4月のフレンチ基礎レッスンでご紹介したメインはバスク地方のお料理でした。
少し前に流行ったバスクチーズケーキでバスクの名前を初めて聞いた、という方も多いかもしれませんね。
スペインとフランスにまたがる地域で、少し前に独立運動もありましたが、石造りの街並みや色使い、バスク独特の字体、旗、モチーフ、バスク語といわれるこの地域で話されている言葉など、現在でも色濃く独自の文化、伝統が残っています。
旅行で訪れたときの写真。バスクカラーの赤・緑・白が町のそこかしこに。
今回は食で地域を知っていただくべく、バスク地方で作られるチーズ「オッソ・イラティ」、「ケソ・マンチェゴ」、チーズと一緒によくたべられる「メンブリージョ」をご用意しました。
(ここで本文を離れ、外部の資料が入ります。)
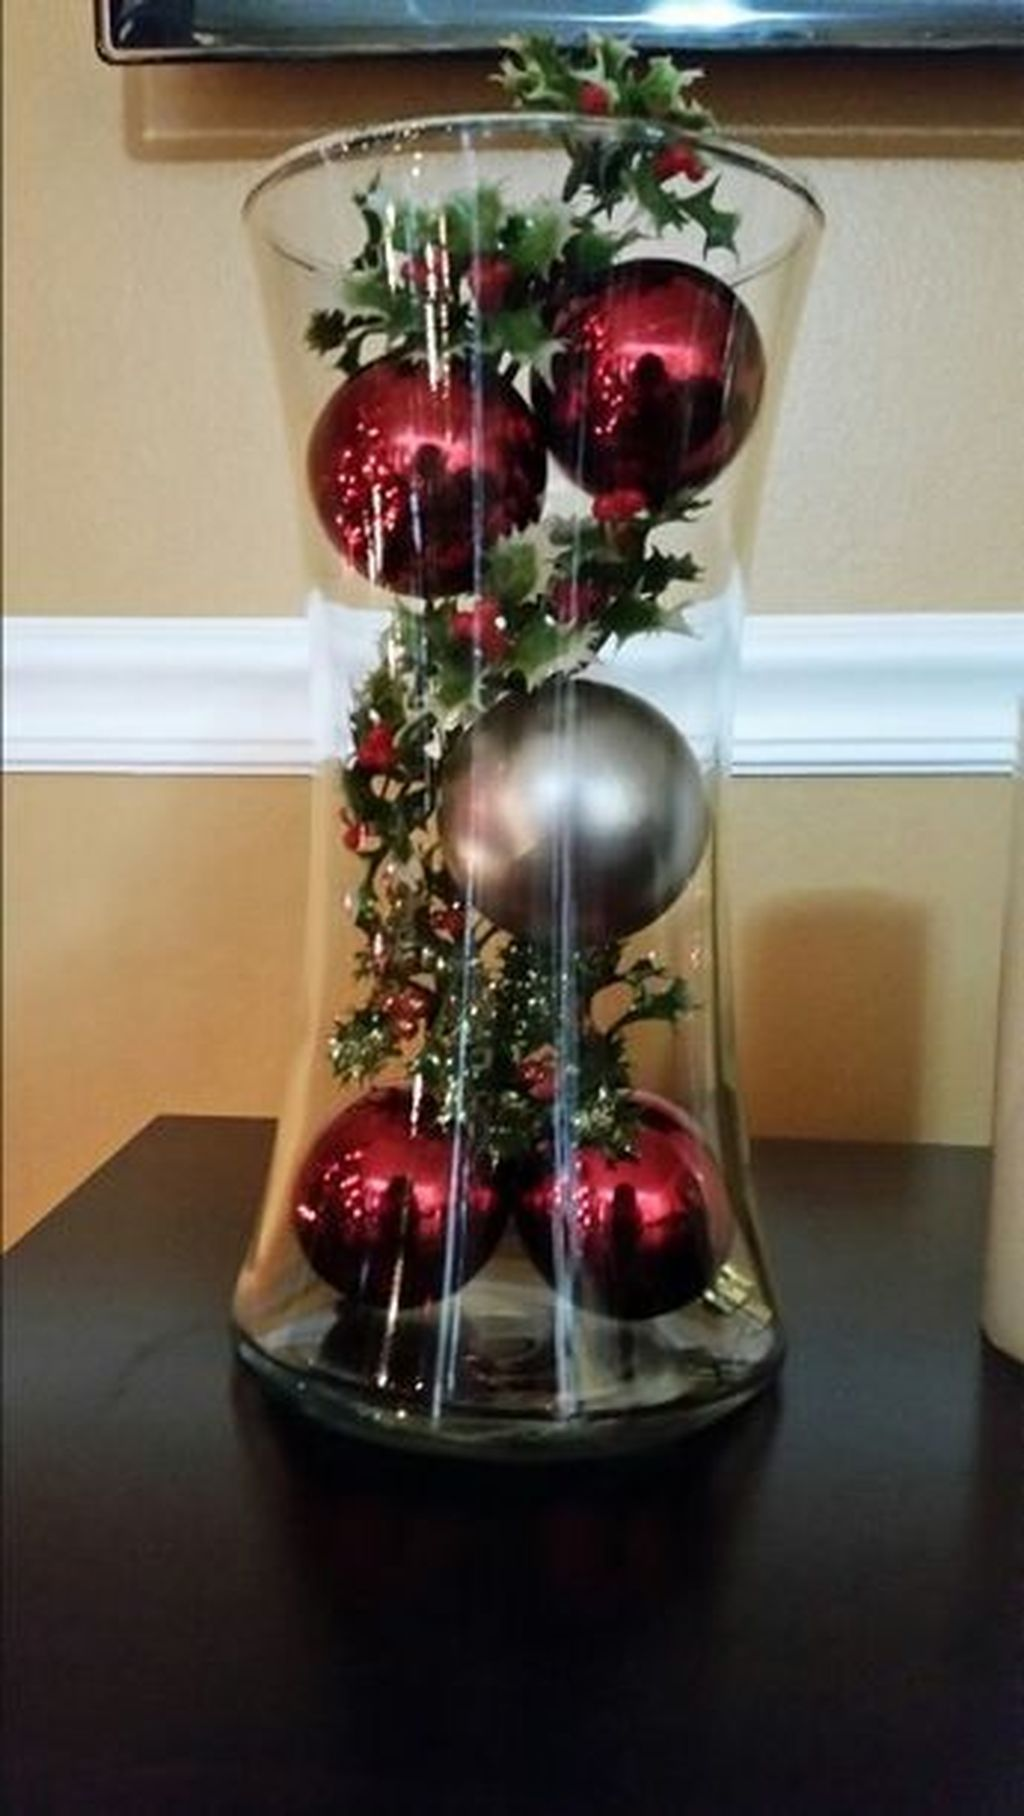 50 Brilliant Diy Centerpiece Christmas Table Decorating Ideas To Copy In 2020 Christmas Table Centerpieces Christmas Table Decorations Christmas Decor Diy

こちらのオッソイラティは、1980年にAOCに認定された羊乳のチーズ。名前はベアルン地方の「オッソーの谷」、バスク地方の「イラティの森」に由来しています。スペインとの国境にあるピレネー山脈の麓で作られたのが始まりで、現在ではフランス全土で親しまれ、国民に愛されているチーズです。コクと甘みがあって食べやすく、現地ではブラックベリーのジャムと一緒に食べるのが定番です。
AOCとは
Appellation d’Origine Contrôlée(アペラシオン・ドリジーヌ・コントロレ)の略で、フランスの農業製品(ワイン、チーズ、バターなど)に対して与えられる認証制度。製造過程、品質が特定の条件を満たしたものにのみ付与される。
ケソ・マンチェゴ(マンチェゴ)はスペインを代表する羊乳のチーズ。『ドン・キホーテ』の舞台、ラ・マンチャ地方で作られています。表皮に縄のようなジグザグ模様がついているのが目印で、昔チーズの型入れとして使っていたカゴの編目模様の名残と言われています。オッソ・イラティーに比べると色が白っぽく、さっぱりとしていて食べやすい印象でした。
こちらはメンブリージョ。マルメロ(西洋かりん)のジャムで、羊羹やういろうのような見た目ですが柔らかくそのまま食べてもおいしいです。チーズを一緒に食べると羊乳の癖が和らぎ、チーズのコクを引き立ててくれます。
こちらはPiment d’Espelette(エスプレット唐辛子)。山間にあるエスプレットという村で作られる唐辛子です。収穫時期に家の軒先に収穫した唐辛子をつるして乾燥させる光景が有名で、10月には唐辛子祭りがあり、多くの人でにぎわいます。
日本の唐辛子のイメージと違って、辛みはありますが旨味、香りがよく、今回ご紹介した鶏のバスク風煮込みにはもちろん、オムレツ、トマトパスタ、お肉、お魚など様々なお料理のアクセントとして使われます。
現地では、ジャム、チョコレート、オイルなど様々な唐辛子製品があり、お土産にされる方も多いそう。ジャムは今回ご紹介したオッソ・イラティーとよく合います。
アレンジメニューのフラメンカエッグにもパラリ。
レッスンが生徒様の食の楽しさを広げるきっかけになるように、これからもいろいろな食材をご紹介していきたいと思います!